The word volumes may sound like a familiar term, but HPE Ezmeral Data Fabric volumes have capabilities that most likely will surprise you. For example, volumes in a data fabric are radically different from volumes associated with a block storage device. Block storage volumes are largely intended to host a file system for a single virtual machine, that is, a non-distributed file system. Because the size of a block storage volume is inconvenient to change, you often need to over-provision them to accommodate data sets that may change in size.

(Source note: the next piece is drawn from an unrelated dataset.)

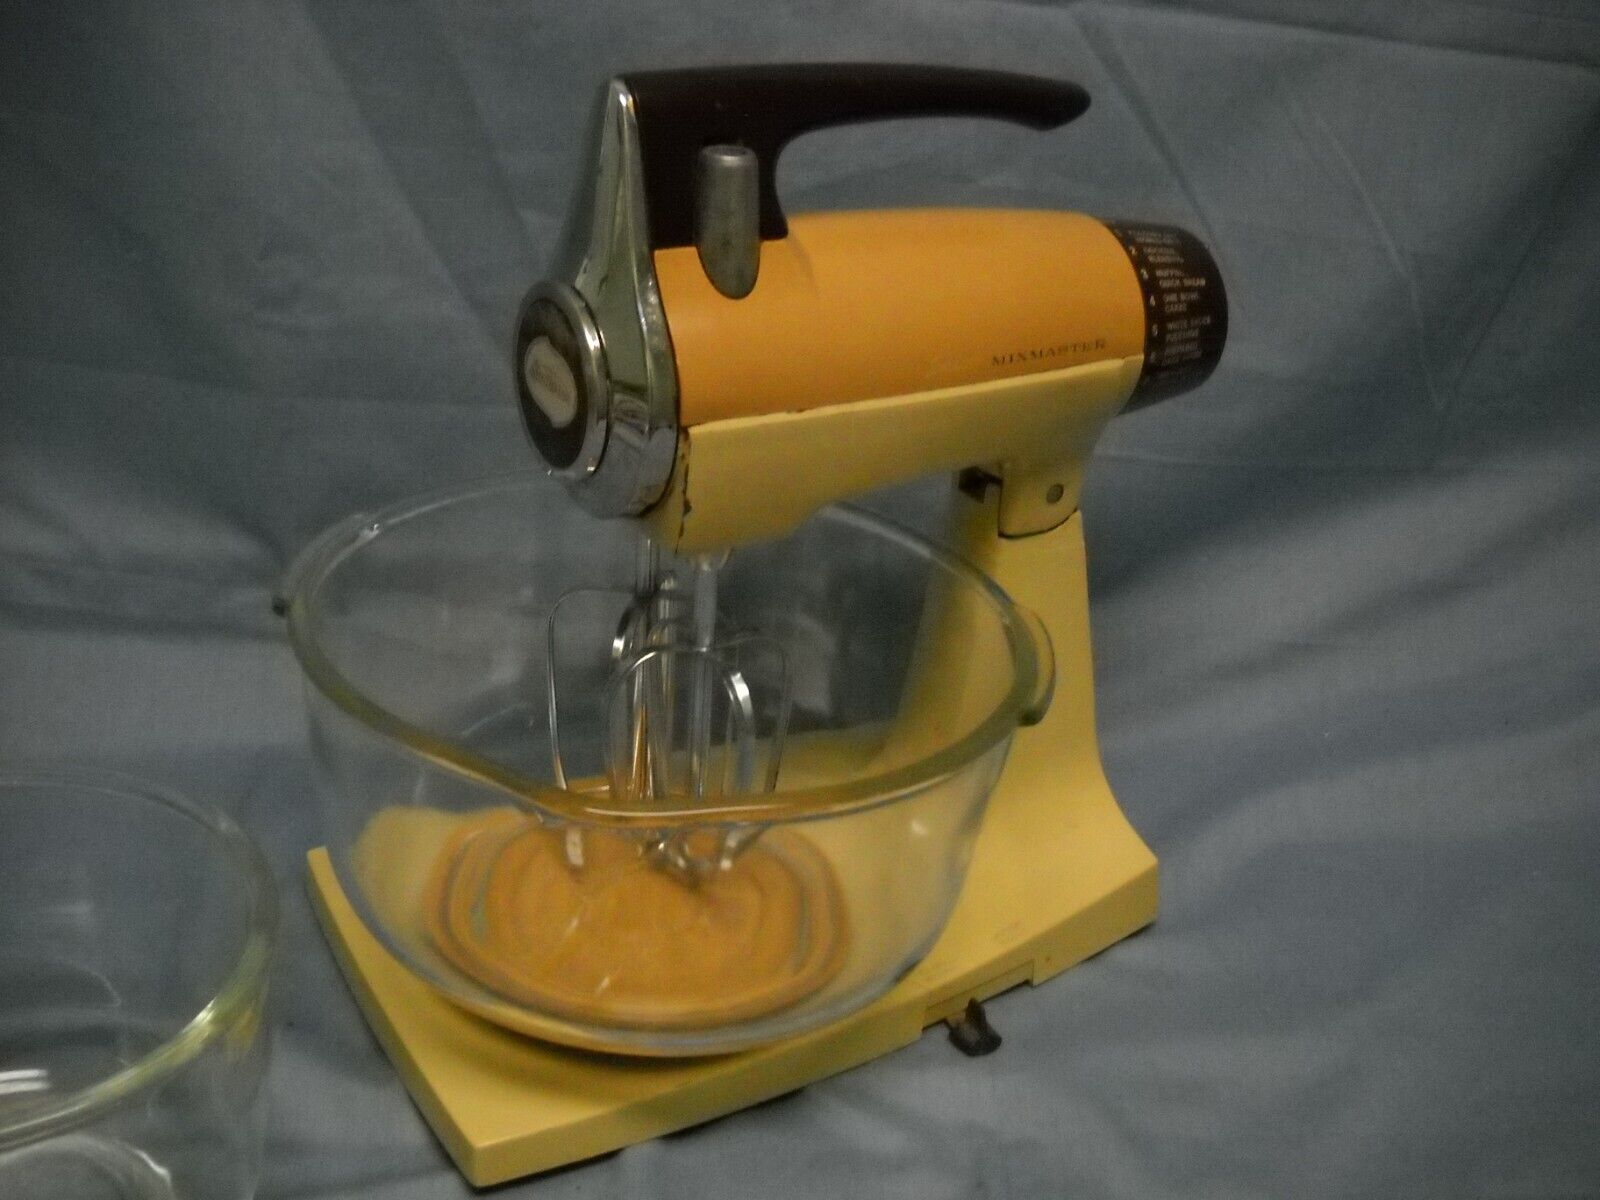 VTG Sunbeam Mixmaster Stand Mixer  With bowls and attachments

But this over provisioning can result in inefficient use of resources. Block storage, in general, is a good match with VM-based systems, but it doesn't let you manage or organize large-scale data according to name, content, or use case. In short, block storage volumes don’t give you the superpower you need for an effective, large-scale data strategy that meets the needs of modern applications. 

In contrast, an HPE Ezmeral data fabric volume functions more like a directory in a distributed file system but with extra powers. It can do things no ordinary directory would imagine: HPE Ezmeral data fabric volumes let you move data easily and accurately between locations, including edge-to-cloud or on-premises core data centers to cloud -- even at the scale of hundreds of petabytes of data. Their flexibility lets you optimize resource use while providing you with convenient, fine-grained access control, and they support file-system-level snapshots (similar to what ZFS provides in local file system) but distributed across multiple machines. Data fabric volumes also provide a core foundation for practical multi-tenancy at scale. Here’s how they provide these superpowers for data management.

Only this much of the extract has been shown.